Erst einmal vielen Dank für eure Hilfe!
Für mich als Ende 40er und Angeleinsteiger (seit einem Jahr) und dazu noch soweit weg von der Heimat ist das richtig toll, wenn man ein paar Tip und Infos von Profis bekommt. 
Leider ist das ich China etwas problematisch, da ich selbst nach 12 Jahren die Landessprache noch nicht gut genug beherrsche, um mich mit den Jungs hier vor Ort auszutauschen. 
Also ich habe festgestellt, dass es hier sehr viele Angelverrückte gibt und auch recht viele Möglichkeiten. Es gibt in Dongguan sehr viele Seen und zum Meer ist es auch nicht weit. 
An den Seen bezahlst du in der Regel zwischen 30 und 80 RMB für einen Tag angeln - das sind 5-10 €. In den Seen gibt es meist Silberkarpfen oder Grasskarpfen und eben auch Pacus! |bigeyes
Meeresangeln ist etwas teurer und kann schon mal um die 100 € pro Tag kosten. Dafür bist du aber alleine auf einem kleinen Boot. Da hatte ich meine erste Makrele gefangen und auch schon mal einen grösseren Octopus.
Ach so - und schwimmen gehen werde ich auf keinen Fall in den Seen hier! #d
Gruss
Spedy


----------



## spedy.69 (5. Oktober 2017)

*AW: Angeln in China - Probleme mit Vorfach*

Hallo Wolfgang,

ist ne gute Idee und ich muss nicht immer so viel Zeug mitschleppen!
Ich habe vorgestern gesehen, dass ein Chinese einen ca. 5kg Pacu mit einer kleinen Spinnangel rausgezogen hat!
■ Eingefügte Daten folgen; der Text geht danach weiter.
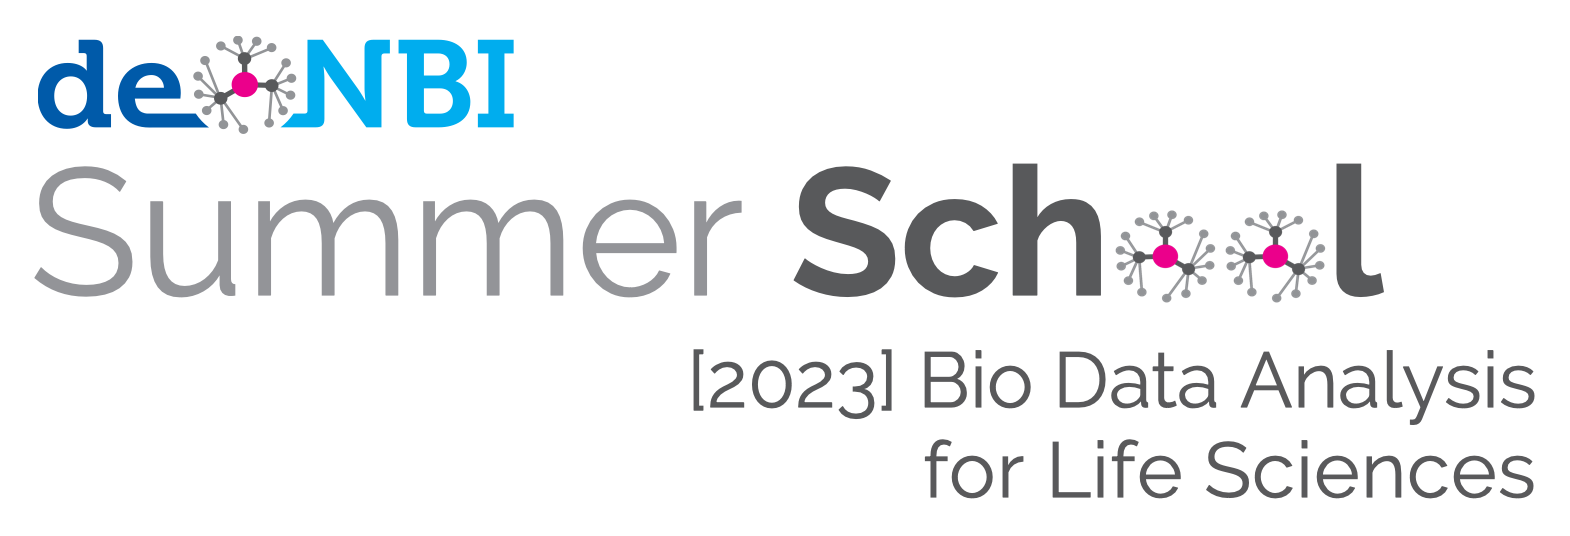 Summer School 2023 2zb

Also Köder hat er einen kleinen Wobbler benutzt, der relativ flach lief.  Ich habe schon gedacht dem bricht die Angelrute ab!
Das mit dem Einzelhaken ist ne gute Idee weil einen größeren Drilling bekommt der Fisch wohl nicht ins Maul und bei einem Biss könnte er ausschlitzen. 
Gruss
Spedy


----------



## Trickyfisher (5. Oktober 2017)

*AW: Angeln in China - Probleme mit Vorfach*

Hi, das sind definitiv Pacus, ich kenn die aus Südamerika.
Die werden dir auch das Stahlvorfach durchbeissen, wenn sie es ins Maul bekommen, in Venezuela haben die uns große Wobbler einfach durcgebissen.
Keine Ahnung, was die vicher in China zu suchen haben, die gehören dort definitiv nicht hin, kommen aber einstweilen verbreitet in Asien vor.
Pacus sind eigentlich Nussfresser, daher auch dieses extrem starke, fast menschenähnliche gebiss, sie jagen aber auch.
Eine Möglichkeit wären Blinker, da kann er die Schnur nicht durchbeissen, eine andere Möglichkeit, die du mal versuchen könntest, wären Cirklehooks (Kreishaken), die greifen in der Regel genau im Maulwinkel, dh. der Fisch beisst dann auf den Haken und nicht auf die Schnur, aber achtung, bei Cirklehooks darft du nicht anschlagen sondern nur auf Spannung gehen, der Haken dreht sich dann beim abziehenden Fisch genau in den Maulwinkel rein.
Die Viecher sind übrigends brachiale Kämpfer und machen auch am Teller eine gute Figur, unsere Indianerköchinnen haben uns die in Bananblätter eingewickelt über den offenen Feuer geröstet, ein Gedicht.
TL
johannes


----------